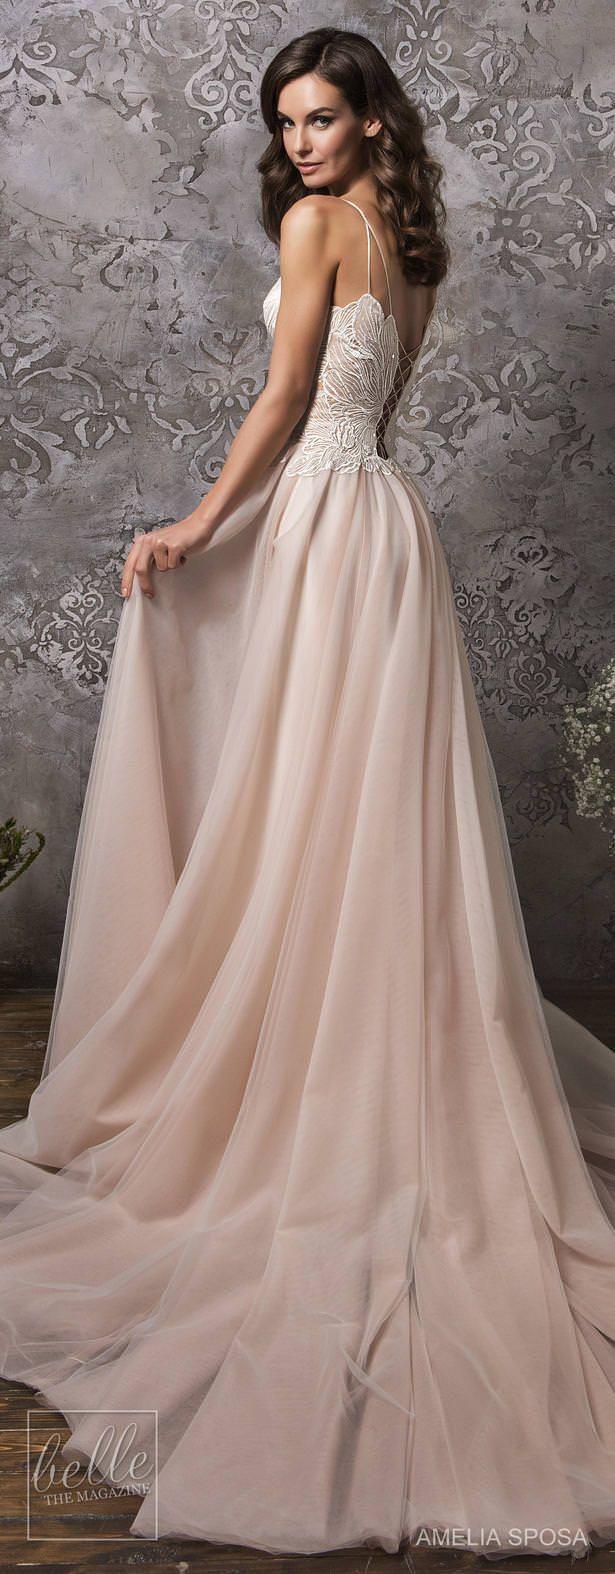 Amelia Sposa Wedding Dress Collection Fall 2018 | Vestidos de novia ...
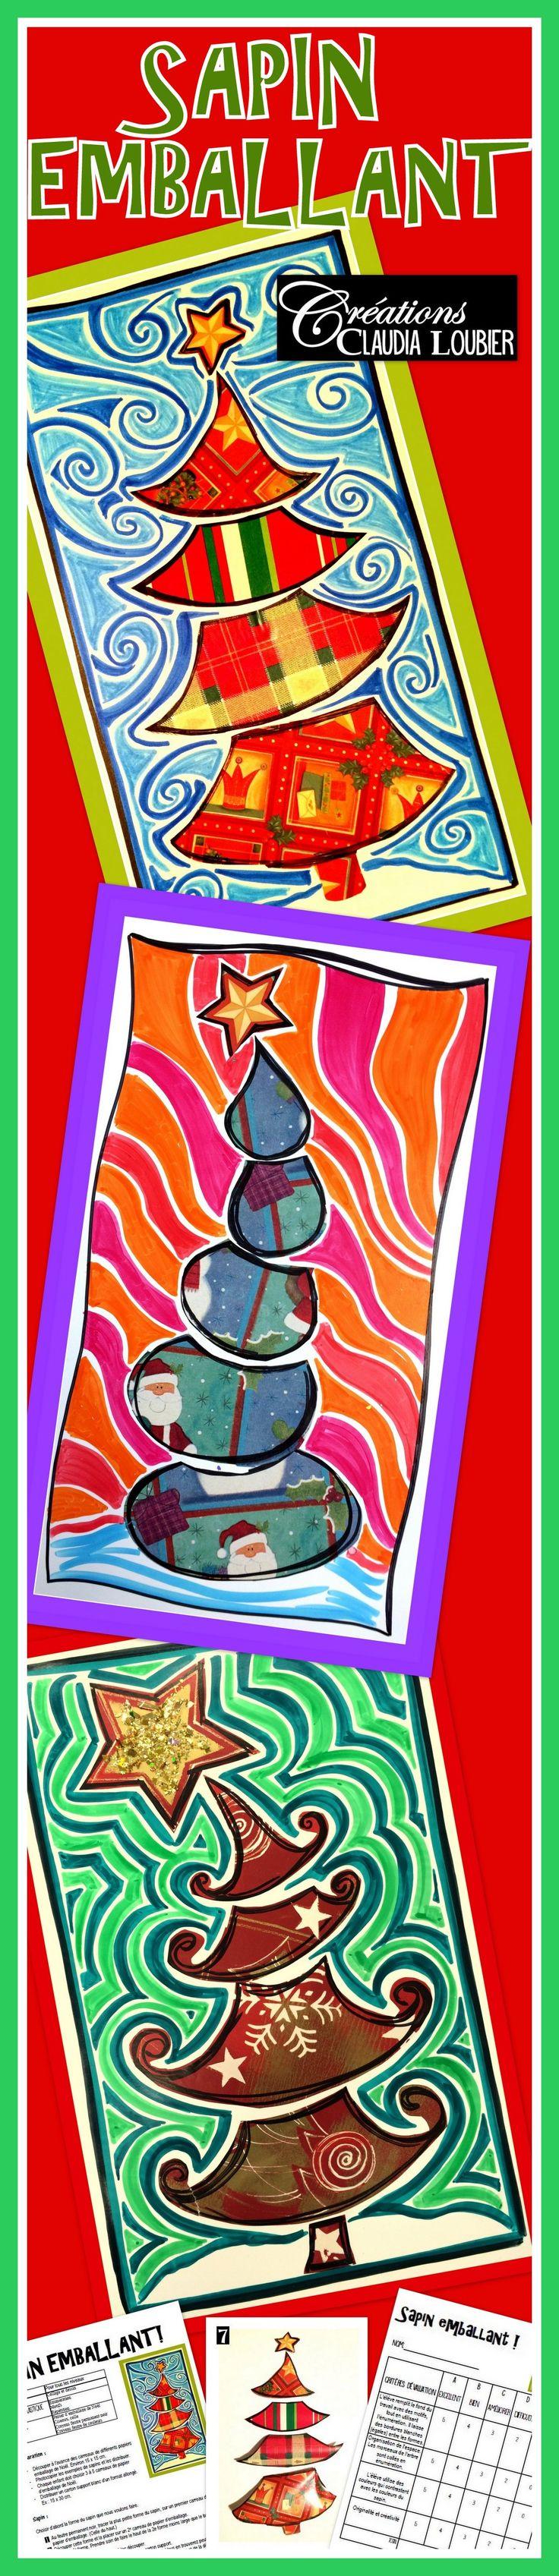 Voici une façon originale de faire une oeuvre de Noël avec vos élèves. Ce projet est idéal pour réaliser une carte. Vous aurez besoin de matériel simple comme du feutre permanent, du feutre de couleur ordinaire et du papier emballage de Noël. Comme dans tous mes projets, la démarche, les photos explicatives et la grille d'évaluation sont comprises dans le document. Pour favoriser la diversité dans les réalisations, 6 exemples de sapin sont en annexe. Arts plastiques.
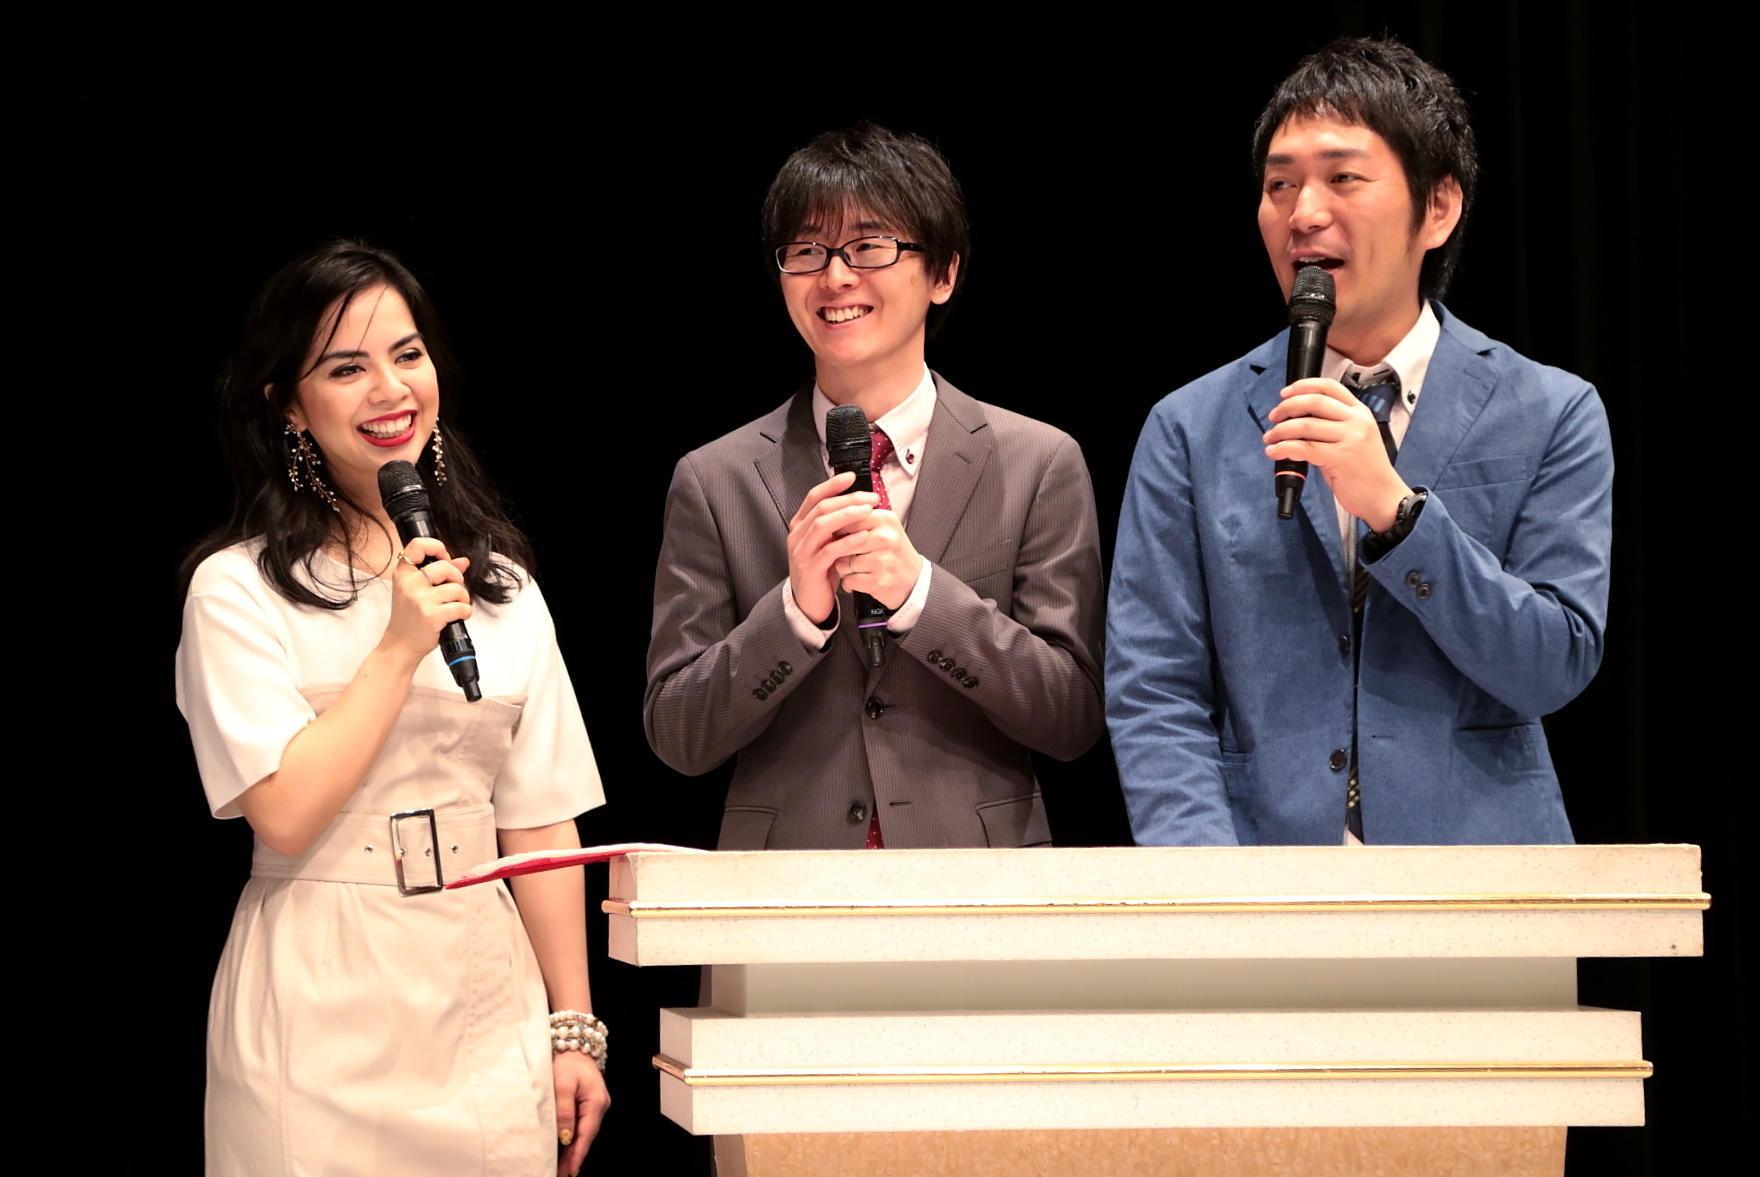 http://news.yoshimoto.co.jp/20180417125209-cf1d8b192e566921cc0425e5118f6b5d000305af.jpg
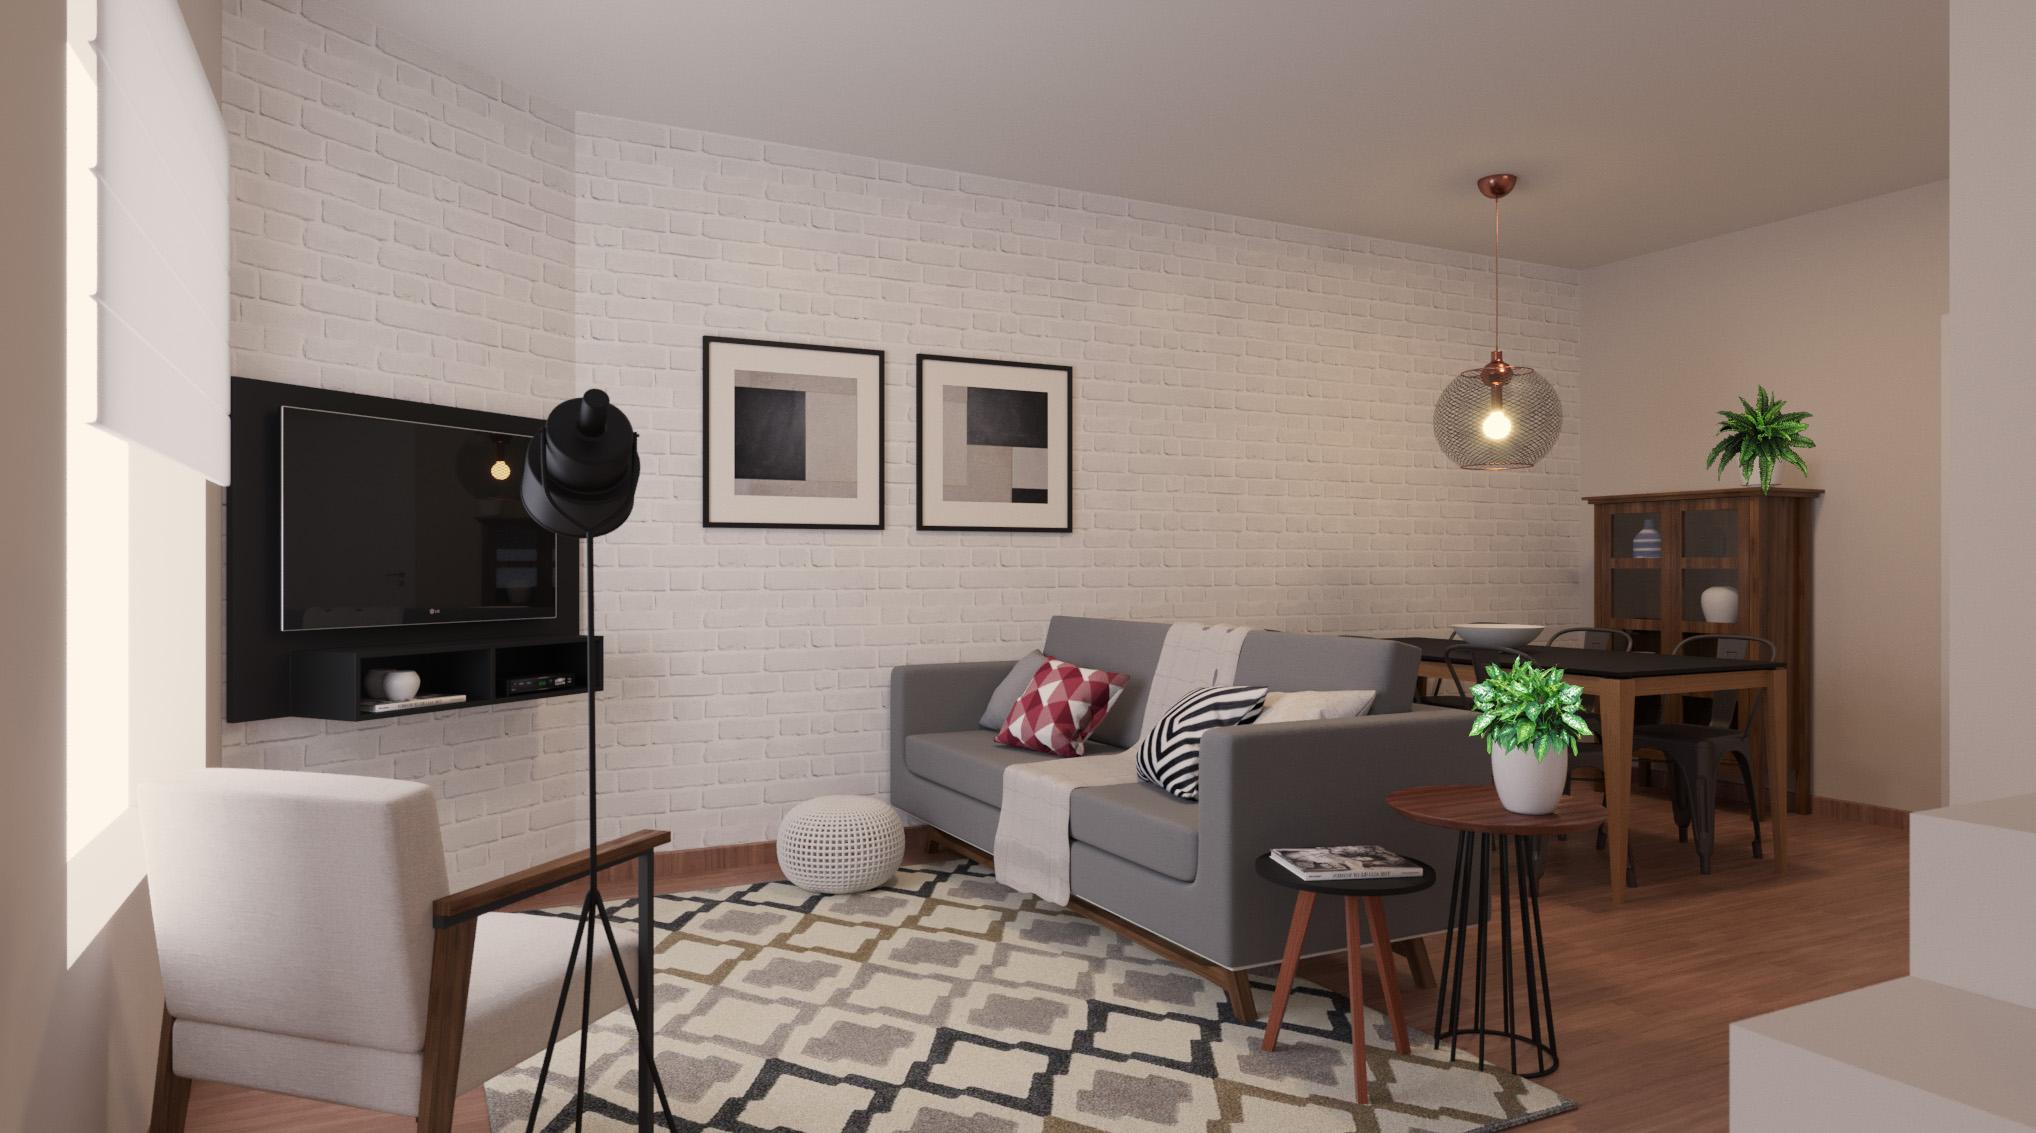 Sala Integrada estilo Moderno prático Industrial
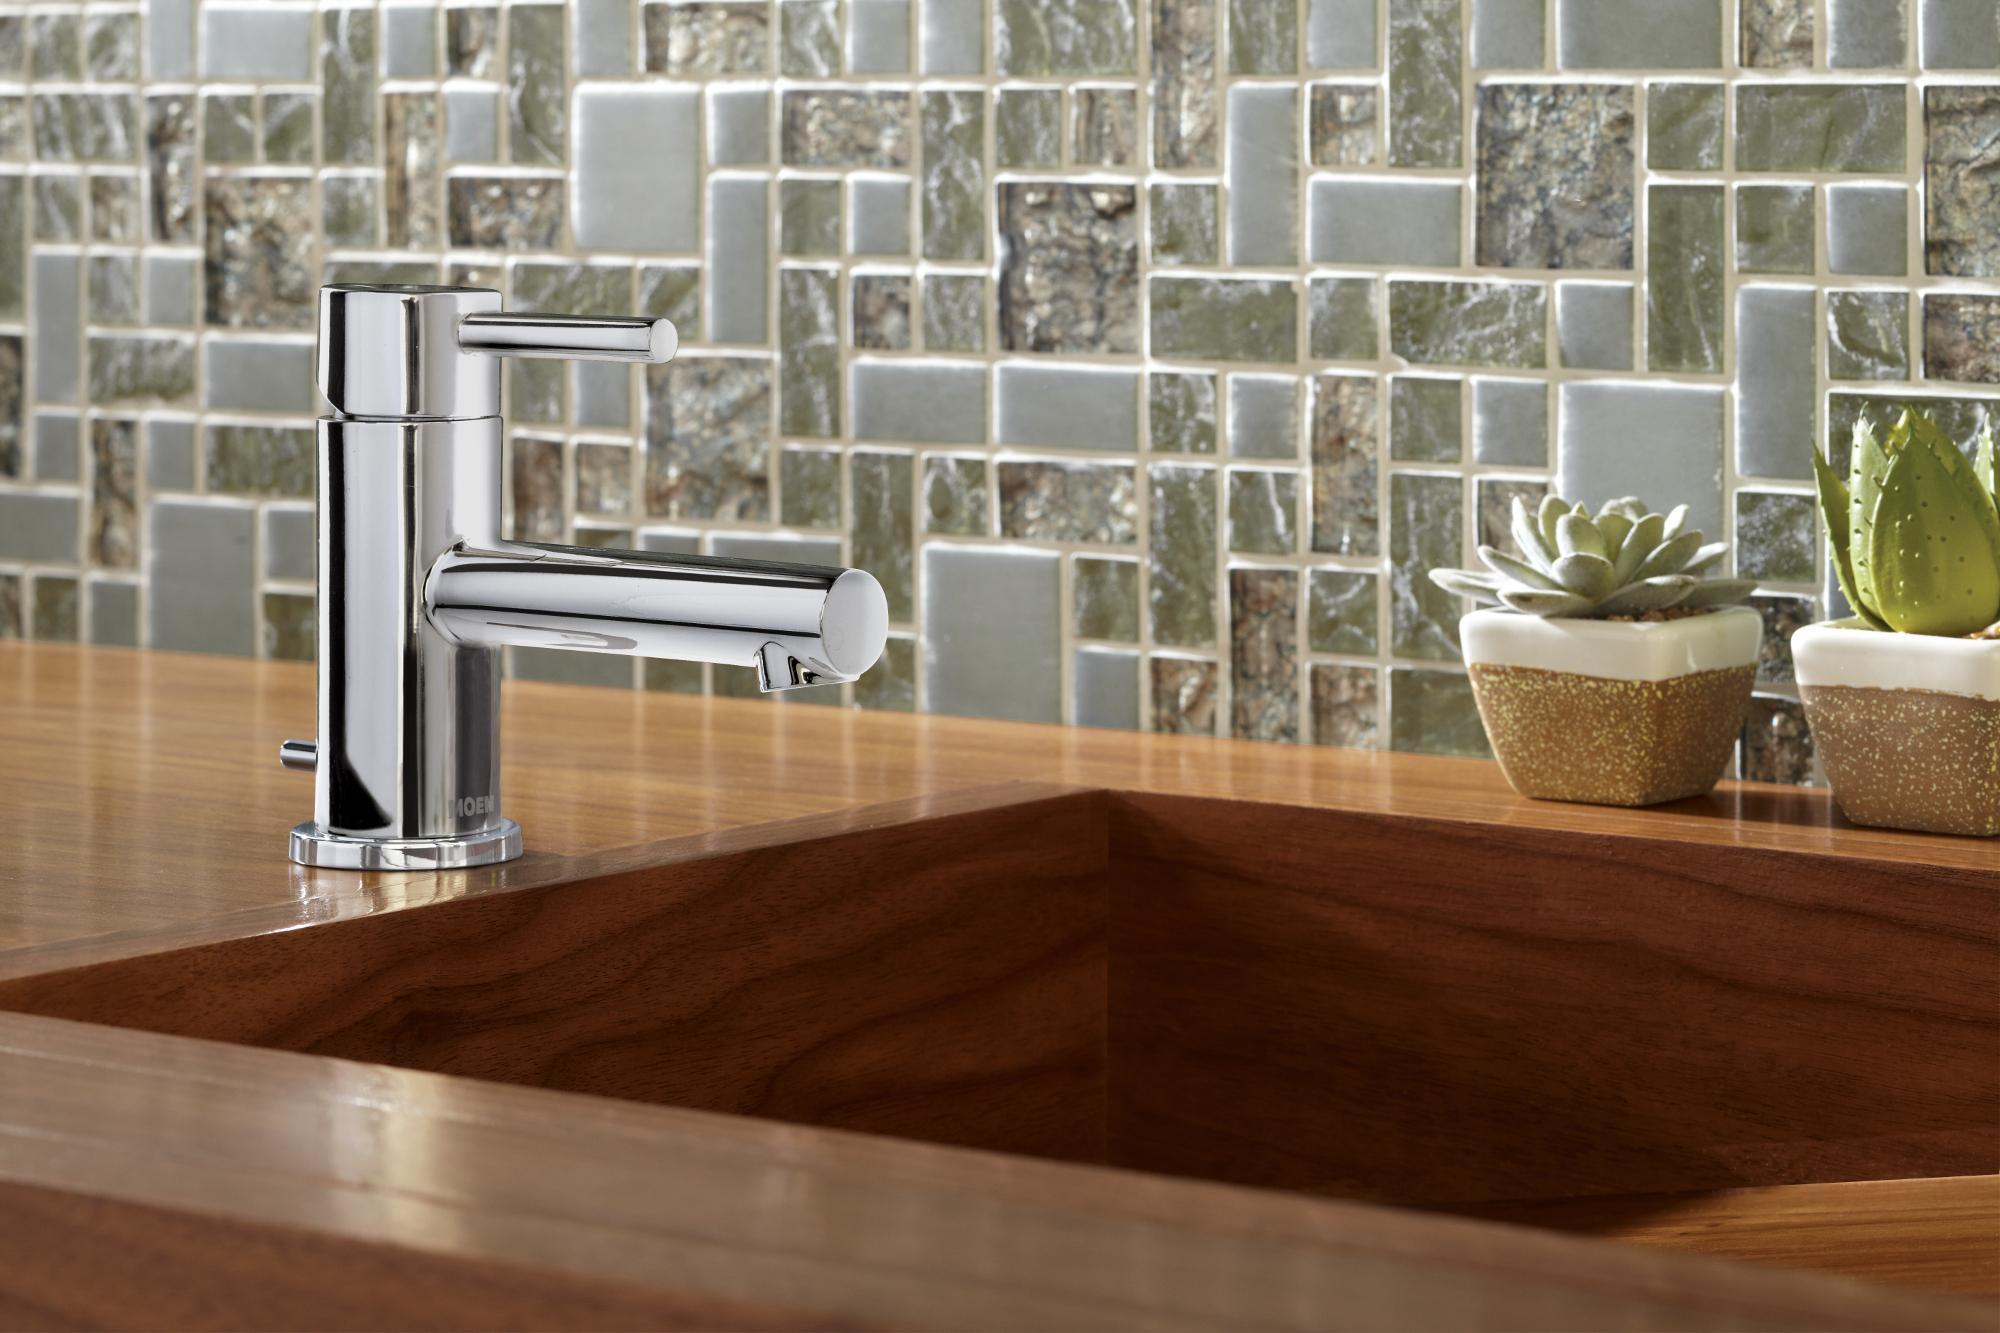 Low Profile Kitchen Faucet Home Design Ideas
************
* [Task details]:
Leave every picture out and return exactly the lines from the one holding "Sala Integrada estilo" through the end of the records above, both ends included, and nothing more.

* [Exercise result]:
 Sala Integrada estilo Moderno prático Industrial
 Low Profile Kitchen Faucet Home Design Ideas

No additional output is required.